Rib-reinforced ultralight and ultra-strong shell lattices

Abstract

Shell lattices are promising candidates for lightweight multifunctional applications for their geometric uniqueness and distinct mechanical properties. However, due to the transition from yielding-to-buckling failure mode, shell lattices exhibit notably reduced strength at low relative densities (RDs), making the design and optimization of ultralight and ultra-strong shell lattices challenging. Herein, a novel design of rib-reinforced shell lattices, namely ribbed shell lattices, is proposed to enhance the strength of ultralight triply periodic minimal surface (TPMS) shell lattices.
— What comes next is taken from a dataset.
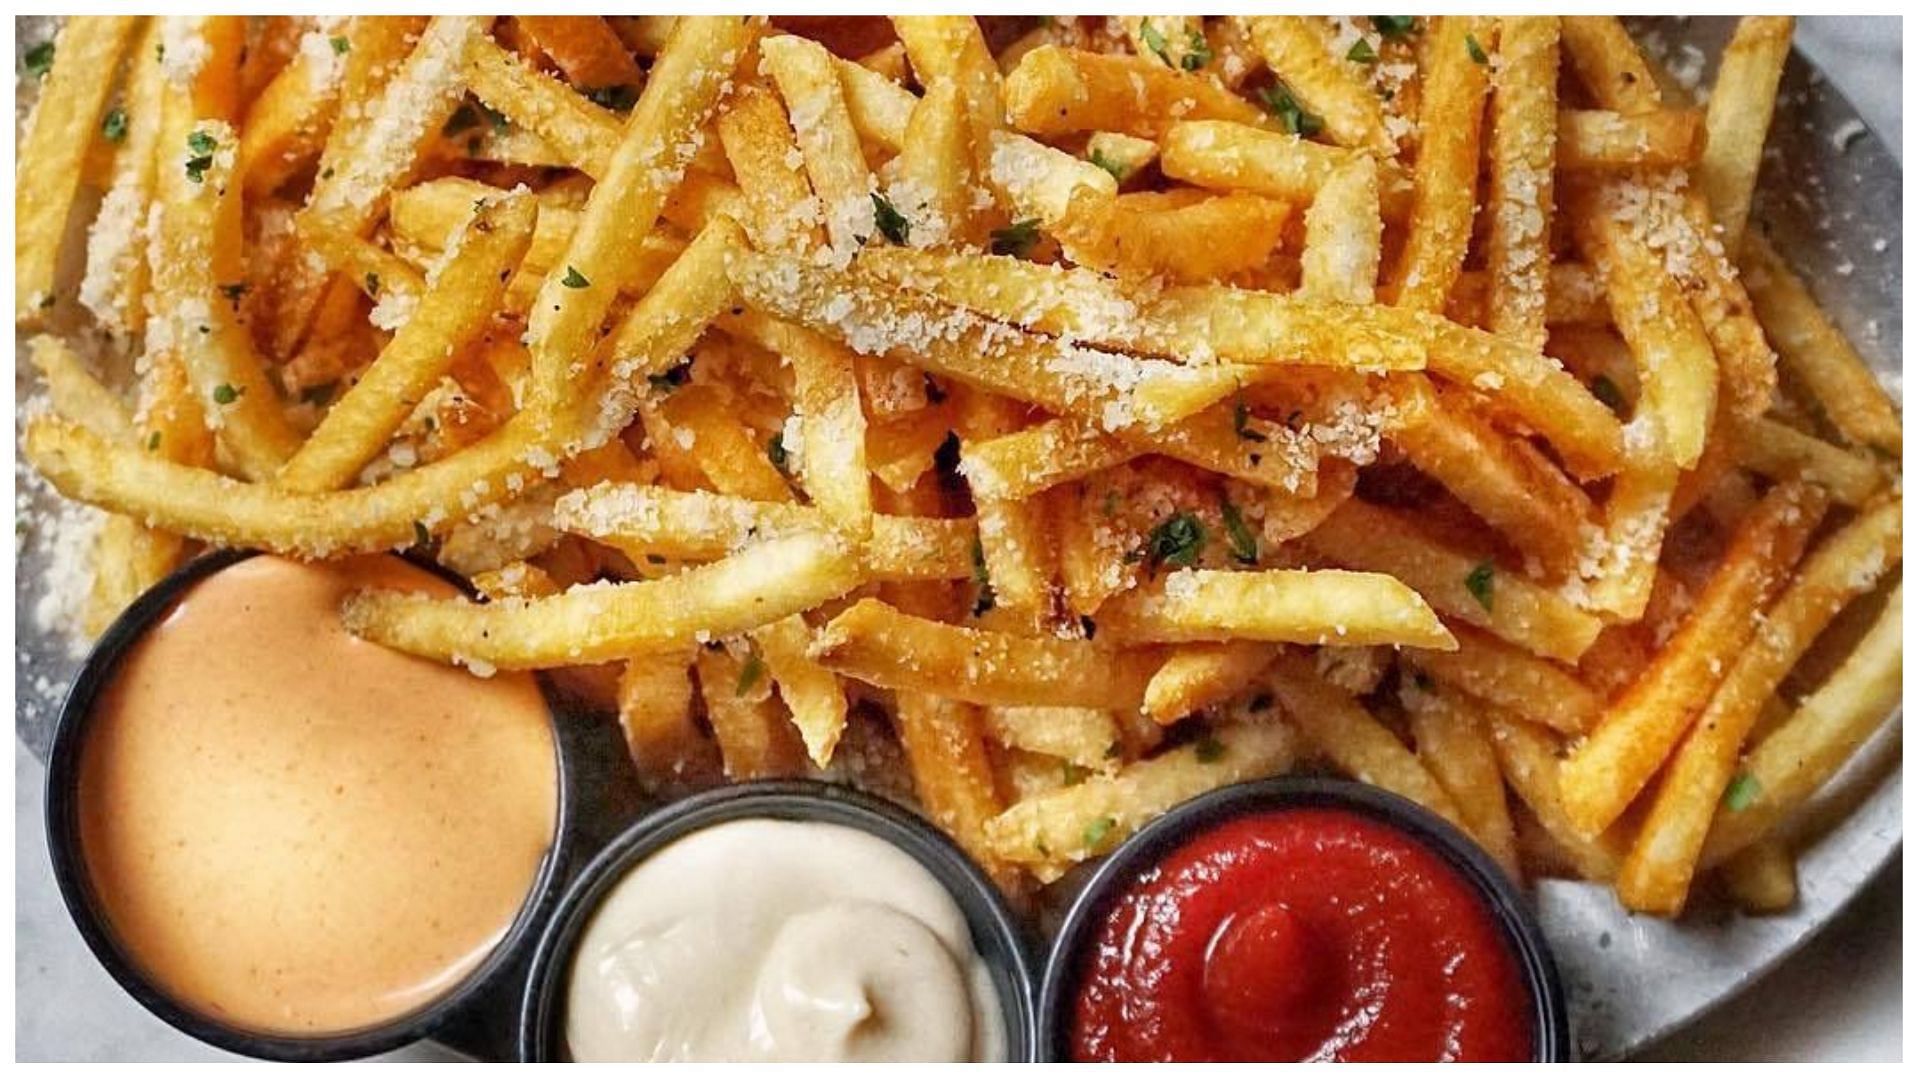 National French fries day is celebrated on July 13 (Image via Pinterest/Robin Cathleen Botha)

By revealing the intrinsic relations between the curvature and stress directions of TPMS thin shell lattices, two groups of ribs are orchestrated along the representative curvature directions: the line of asymptotes (LOA) and the line of principal curvatures (LOC). Through physical realization and numerical simulations, incorporating ribs along the LOAs and LOCs that pass through the shell umbilical points is shown to enhance the strength by 112.3%, with an RD around 1.28%. Incorporating ribs can redistribute the stress and selectively strengthen thin shells to suppress their buckling deformation, especially at the umbilical region. The continuous ribs also provide additional load paths, resulting in improved load-bearing efficiency. These findings provide a practical design method for rib-reinforced ultralight and ultra-strong shell lattices against micro-architecture buckling failure.